How to split CSV content by punctuation marks

Question

I have a csv file with two columns, one with the name of a person and the other with words defined by the person, the problem is that in this column there are many words that are separated by punctuation marks. I need to separate these words so that each person only has one word per column, that is:

name,word
Oliver,"water,surf,windsurf"
Tom,"football, striker, ball"
Anna,"mountain;wind;sun"
Sara,"basketball; nba; ball"
Mark,"informatic/web3.0/e-learning"
Christian,"doctor - medicine"
Sergi,"runner . athletics"

These are an example of the CSV data. As you can see, there are data separated by different punctuation marks (there are still some more) where they are separated by a space and others that are not. The result I would like to achieve is:

name,word
Oliver,water
Oliver,surf
Oliver,windsurf
Tom,football
Tom,stricker
Tom,ball
Anna,mountain
Anna,wind
Anna,sun
Sara,basketball
Sara,nba
Sara,ball
Mark,informatic
Mark,web3.0
Mark,e-learning
Christian,doctor
Christian,medicine
Sergi,runner
Sergi,athletics

I have opened the file using pandas where I have created a dataframe with the data and this is where I have to separate the data. What I have tried is:

def splitter(df):

    df['word'] = df['word'].str.split(",")
    df = df.explode("word")

    df['word'] = df['word'].str.split(", ")
    df = df.explode("word")

    df['word'] = df['word'].str.split(" , ")
    df = df.explode("word")

    df['word'] = df['word'].str.split("- ")
    df = df.explode("word")

    df['word'] = df['word'].str.split(" -")
    df = df.explode("word")

    df['word'] = df['word'].str.split("\. ")  
    df = df.explode("word")

    df['word'] = df['word'].str.split(";")
    df = df.explode("word")

    df['word'] = df['word'].str.split("; ")
    df = df.explode("word")

    df['word'] = df['word'].str.split(" ;")
    df = df.explode("word")

    df['word'] = df['word'].str.split(" ; ")
    df = df.explode("word")

    df['word'] = df['word'].str.split("/ ")
    df = df.explode("word")

return df

The result I get is the one I want but with some spaces and they don't have to appear:

name,word
Oliver,water
Oliver,surf
Oliver,windsurf
Tom,football
Tom, stricker
Tom, ball
Anna,mountain
Anna,wind
Anna,sun
Sara,basketball
Sara, nba
Sara, ball
Mark,informatic
Mark,web3.0
Mark,e-learning
Christian,doctor
Christian, medicine
Sergi,runner
Sergi, athletics

How could I solve this problem and improve the code I have put in, since I do not know how to modify it so that everything works correctly?

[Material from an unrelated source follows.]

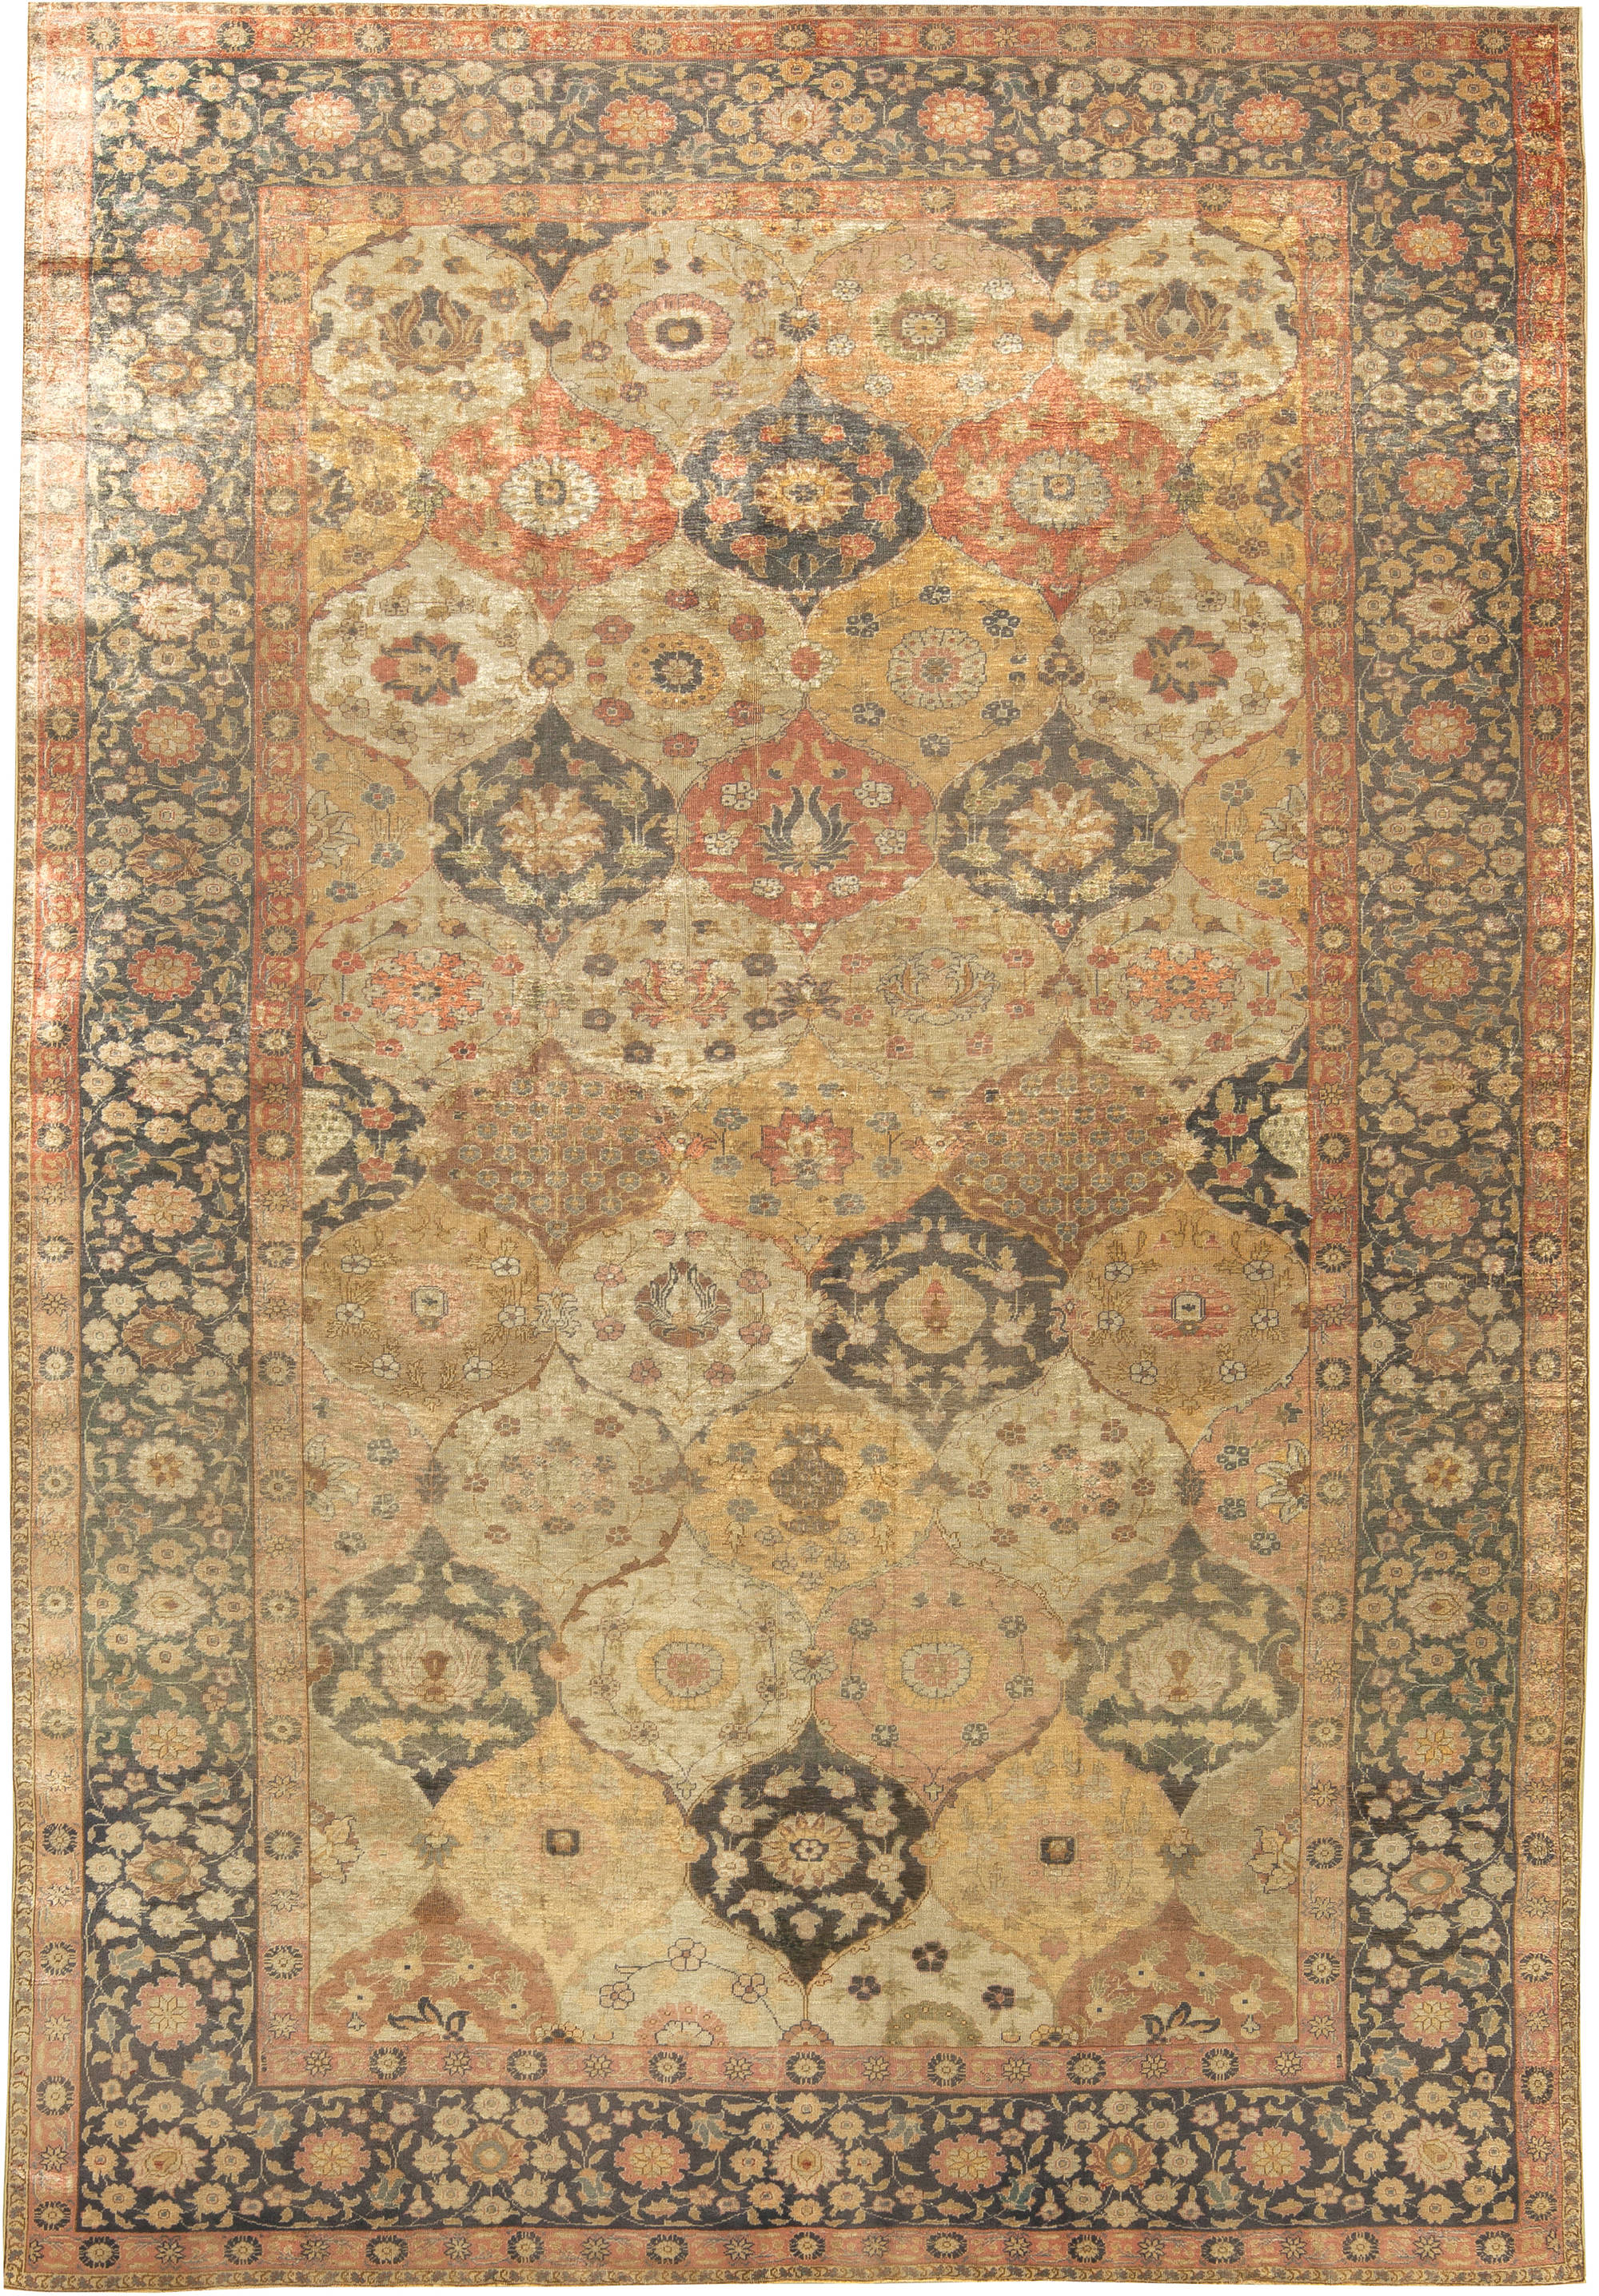 Antique Turkish Silk Hereke Rug BB6081

I tried it together with `regex` but it didn't work. For this reason I tried with `split()`. — drakitus98, Jan 20 '21 at 21:18
did you try to use `strip()` after all your code ? - ie, `df.str.strip()` . — furas, Jan 20 '21 at 21:19

furas · Answer 1 · 2021-01-22T14:29:41.590

Simply

df['word'] = df['word'].str.strip()

and it should remove all spaces, tabs and new lines from both sides of text.

BTW:

Probably you could even use split(";") without split("; "), split(" ;"), etc. because strip() will remove these spaces.

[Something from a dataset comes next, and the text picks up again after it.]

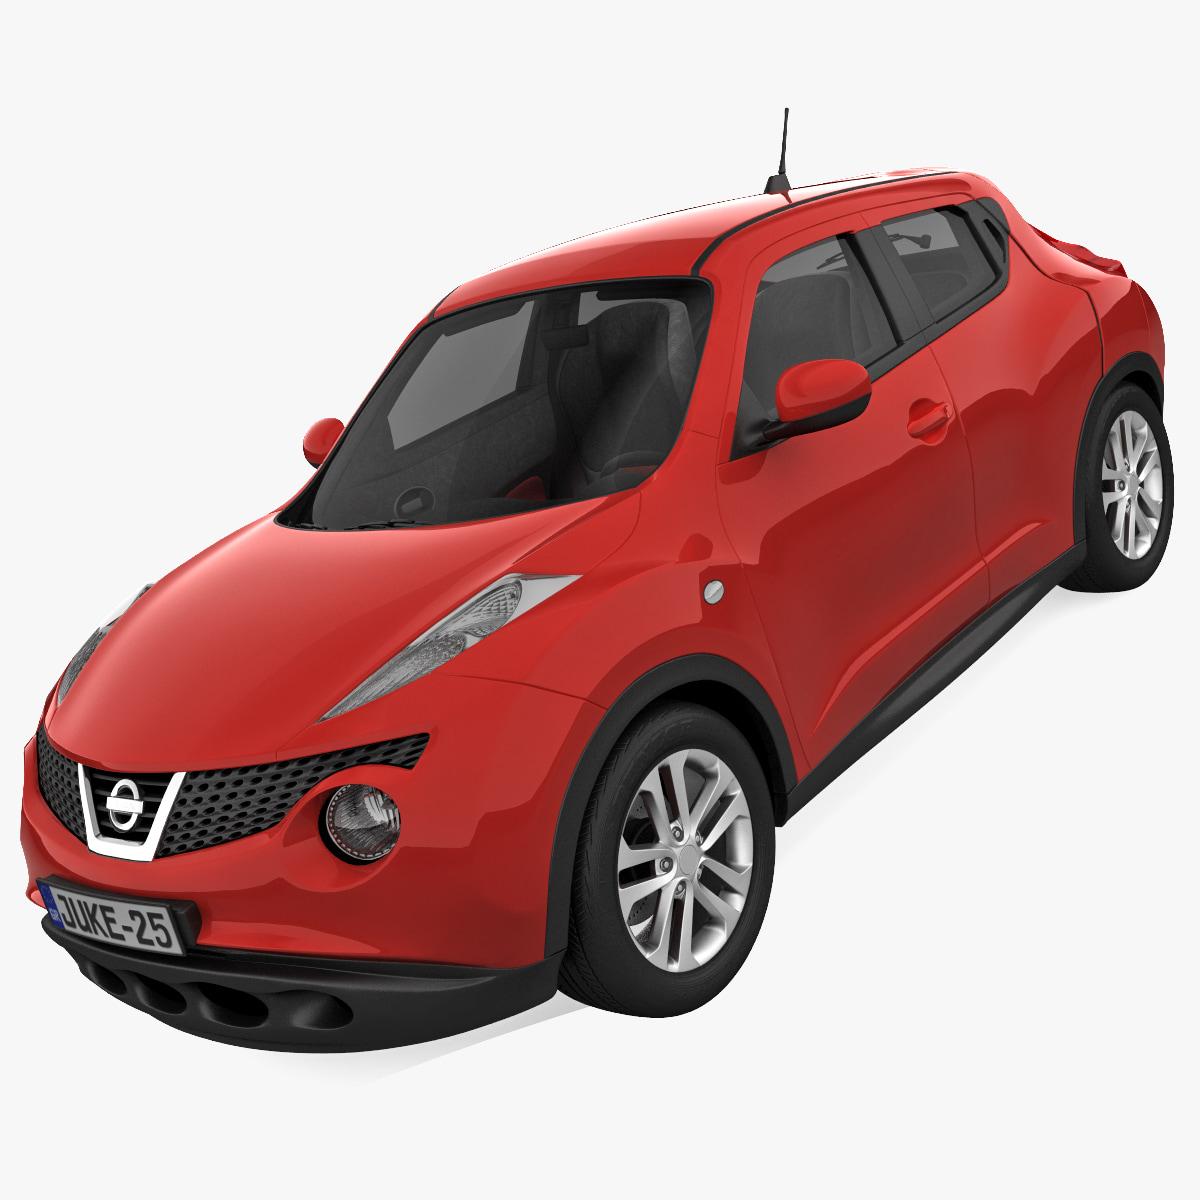 Nissan_Juke_00.jpg

If you want to use variants like split(";"), split("; "), split(" ;"), split(" ; ") then you should start with the longest split(" ; ") and later use shorter split("; "), split(" ;") and at the end the shortest split(";") - and this way maybe you could remove spaces.

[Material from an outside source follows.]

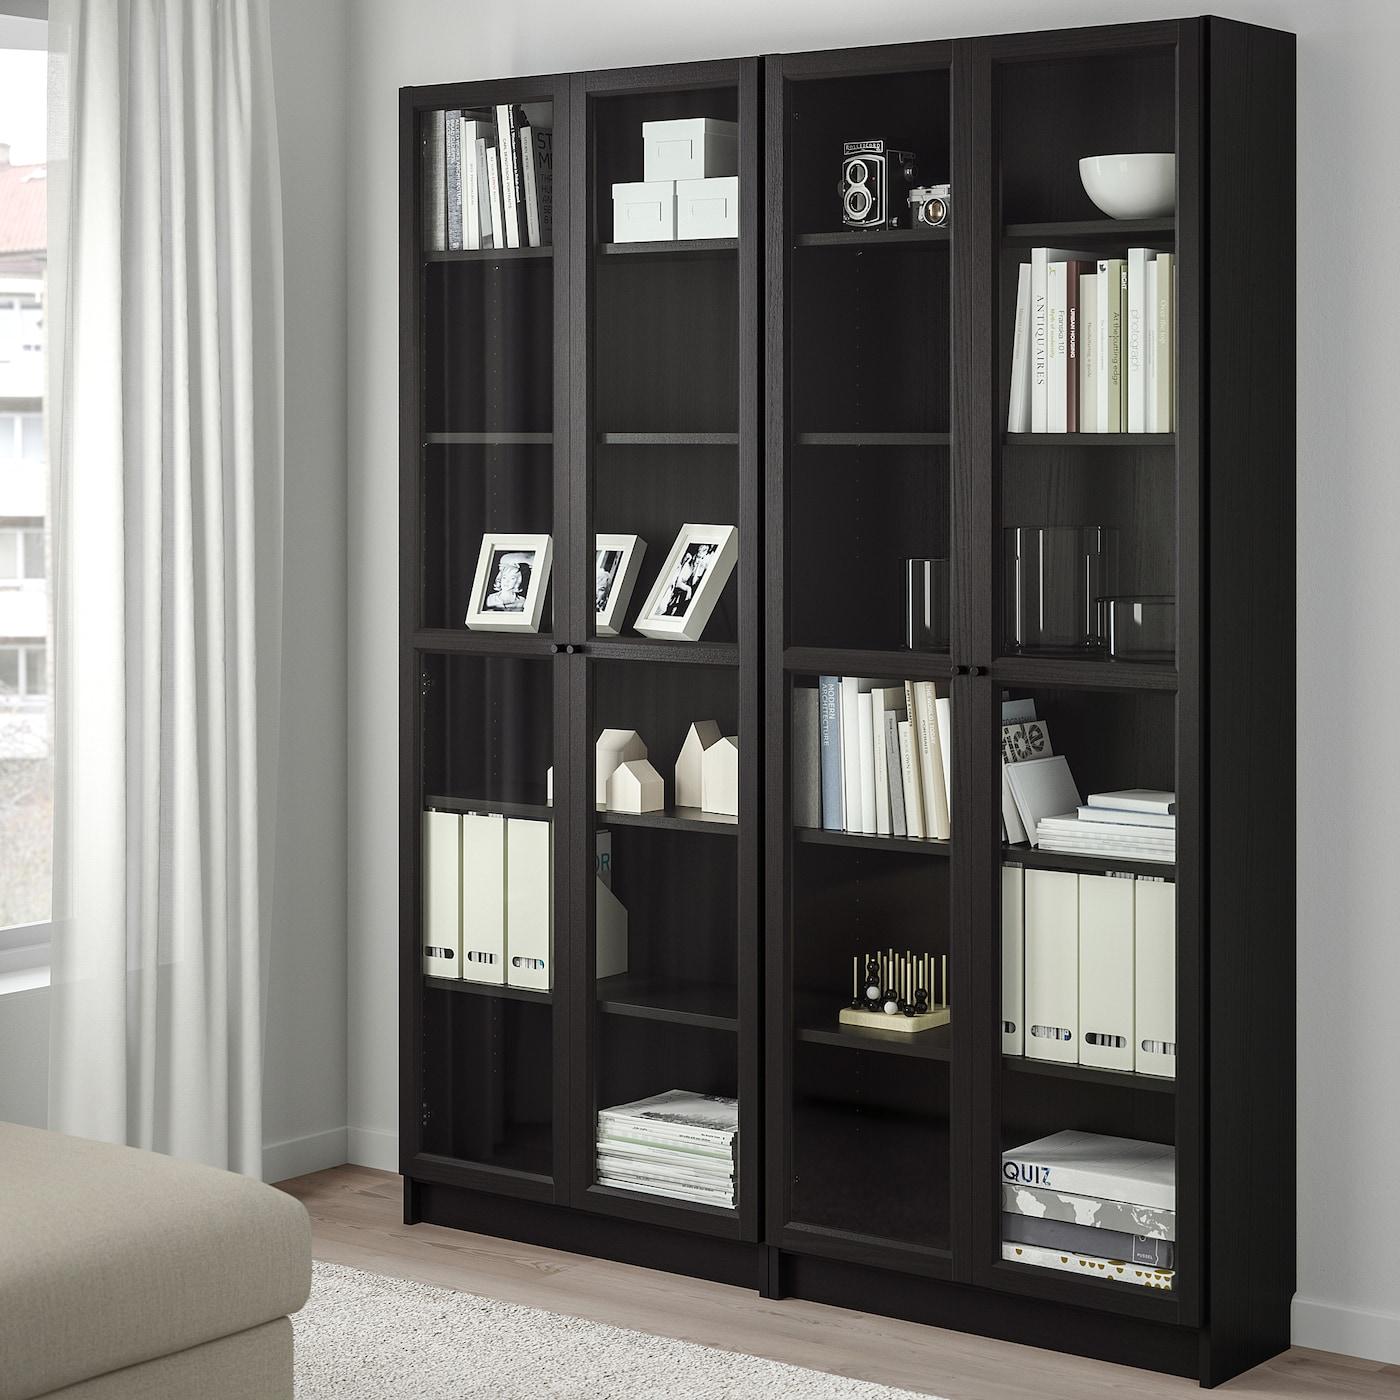 rovere 160x202x28 cm IKEA BILLY Libreria

You could even try to use only one split('[;,-./]') instead all of split()

df = df['word'].str.split('[;,-./]').explode().str.strip()

Eventually you could use | as OR

EDIT:

Minimal working example with data directly in code - so everyone can test it.

import pandas as pd
import io

text = '''name,word
Oliver,"water,surf,windsurf"
Tom,"football, striker, ball"
Anna,"mountain;wind;sun"
Sara,"basketball; nba; ball"
Mark,"informatic/web3.0/e-learning"
Christian,"doctor - medicine"
Sergi,"runner . athletics"'''

# text to dataframe
df = pd.read_csv(io.StringIO(text))

df['word'] = df['word'].str.split('[;,/]|\. |- | -')
df = df.explode('word')
df['word'] = df['word'].str.strip()

# dataframe to text
output = io.StringIO()
df.to_csv(output, index=False)
output.seek(0)
text = output.read() 

print(text)

Result:

name,word
Oliver,water
Oliver,surf
Oliver,windsurf
Tom,football
Tom,striker
Tom,ball
Anna,mountain
Anna,wind
Anna,sun
Sara,basketball
Sara,nba
Sara,ball
Mark,informatic
Mark,web3.0
Mark,e-learning
Christian,doctor
Christian,medicine
Sergi,runner
Sergi,athletics

EDIT:

The same without strip().

I use ' ?' to get optional space after chars ;,/ and before char .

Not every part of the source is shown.